┌──

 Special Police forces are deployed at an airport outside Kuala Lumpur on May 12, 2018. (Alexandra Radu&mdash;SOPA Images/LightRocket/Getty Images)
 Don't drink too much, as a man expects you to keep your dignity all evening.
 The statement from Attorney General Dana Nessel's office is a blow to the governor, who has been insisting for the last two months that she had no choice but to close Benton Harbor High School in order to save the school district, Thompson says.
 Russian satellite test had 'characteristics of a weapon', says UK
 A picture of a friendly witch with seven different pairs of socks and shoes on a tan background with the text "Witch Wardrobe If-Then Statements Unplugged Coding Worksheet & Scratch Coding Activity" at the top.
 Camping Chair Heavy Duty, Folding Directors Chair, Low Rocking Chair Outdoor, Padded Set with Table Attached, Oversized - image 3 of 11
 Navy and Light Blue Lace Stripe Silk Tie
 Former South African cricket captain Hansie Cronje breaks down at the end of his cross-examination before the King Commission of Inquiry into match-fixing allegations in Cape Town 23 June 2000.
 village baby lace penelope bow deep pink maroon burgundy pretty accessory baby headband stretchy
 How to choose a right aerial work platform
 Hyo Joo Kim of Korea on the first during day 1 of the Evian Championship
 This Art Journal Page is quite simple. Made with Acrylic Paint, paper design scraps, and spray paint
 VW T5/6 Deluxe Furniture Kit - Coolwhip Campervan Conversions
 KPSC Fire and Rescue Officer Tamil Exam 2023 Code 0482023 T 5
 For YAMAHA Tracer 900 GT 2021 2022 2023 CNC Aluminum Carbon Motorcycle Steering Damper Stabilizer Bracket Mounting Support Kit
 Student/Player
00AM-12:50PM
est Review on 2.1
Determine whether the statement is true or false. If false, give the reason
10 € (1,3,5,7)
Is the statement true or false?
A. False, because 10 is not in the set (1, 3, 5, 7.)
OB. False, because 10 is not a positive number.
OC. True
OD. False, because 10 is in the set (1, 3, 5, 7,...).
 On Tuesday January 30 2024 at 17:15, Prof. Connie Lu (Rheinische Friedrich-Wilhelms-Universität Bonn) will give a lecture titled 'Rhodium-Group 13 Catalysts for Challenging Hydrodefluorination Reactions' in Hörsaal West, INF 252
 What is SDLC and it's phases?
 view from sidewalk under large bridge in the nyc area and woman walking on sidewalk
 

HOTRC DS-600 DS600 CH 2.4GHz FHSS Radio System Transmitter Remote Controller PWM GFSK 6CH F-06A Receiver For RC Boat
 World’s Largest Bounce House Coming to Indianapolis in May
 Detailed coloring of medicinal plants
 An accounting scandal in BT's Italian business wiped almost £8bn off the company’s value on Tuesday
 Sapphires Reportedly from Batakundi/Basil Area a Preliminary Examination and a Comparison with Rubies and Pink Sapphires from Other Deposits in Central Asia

└──

**Task to carry out**.
Could you reproduce every record exactly as shown above?

**Solved exercise**.
 Special Police forces are deployed at an airport outside Kuala Lumpur on May 12, 2018. (Alexandra Radu&mdash;SOPA Images/LightRocket/Getty Images)
 Don't drink too much, as a man expects you to keep your dignity all evening.
 The statement from Attorney General Dana Nessel's office is a blow to the governor, who has been insisting for the last two months that she had no choice but to close Benton Harbor High School in order to save the school district, Thompson says.
 Russian satellite test had 'characteristics of a weapon', says UK
 A picture of a friendly witch with seven different pairs of socks and shoes on a tan background with the text "Witch Wardrobe If-Then Statements Unplugged Coding Worksheet & Scratch Coding Activity" at the top.
 Camping Chair Heavy Duty, Folding Directors Chair, Low Rocking Chair Outdoor, Padded Set with Table Attached, Oversized - image 3 of 11
 Navy and Light Blue Lace Stripe Silk Tie
 Former South African cricket captain Hansie Cronje breaks down at the end of his cross-examination before the King Commission of Inquiry into match-fixing allegations in Cape Town 23 June 2000.
 village baby lace penelope bow deep pink maroon burgundy pretty accessory baby headband stretchy
 How to choose a right aerial work platform
 Hyo Joo Kim of Korea on the first during day 1 of the Evian Championship
 This Art Journal Page is quite simple. Made with Acrylic Paint, paper design scraps, and spray paint
 VW T5/6 Deluxe Furniture Kit - Coolwhip Campervan Conversions
 KPSC Fire and Rescue Officer Tamil Exam 2023 Code 0482023 T 5
 For YAMAHA Tracer 900 GT 2021 2022 2023 CNC Aluminum Carbon Motorcycle Steering Damper Stabilizer Bracket Mounting Support Kit
 Student/Player
00AM-12:50PM
est Review on 2.1
Determine whether the statement is true or false. If false, give the reason
10 € (1,3,5,7)
Is the statement true or false?
A. False, because 10 is not in the set (1, 3, 5, 7.)
OB. False, because 10 is not a positive number.
OC. True
OD. False, because 10 is in the set (1, 3, 5, 7,...).
 On Tuesday January 30 2024 at 17:15, Prof. Connie Lu (Rheinische Friedrich-Wilhelms-Universität Bonn) will give a lecture titled 'Rhodium-Group 13 Catalysts for Challenging Hydrodefluorination Reactions' in Hörsaal West, INF 252
 What is SDLC and it's phases?
 view from sidewalk under large bridge in the nyc area and woman walking on sidewalk
 

HOTRC DS-600 DS600 CH 2.4GHz FHSS Radio System Transmitter Remote Controller PWM GFSK 6CH F-06A Receiver For RC Boat
 World’s Largest Bounce House Coming to Indianapolis in May
 Detailed coloring of medicinal plants
 An accounting scandal in BT's Italian business wiped almost £8bn off the company’s value on Tuesday
 Sapphires Reportedly from Batakundi/Basil Area a Preliminary Examination and a Comparison with Rubies and Pink Sapphires from Other Deposits in Central Asia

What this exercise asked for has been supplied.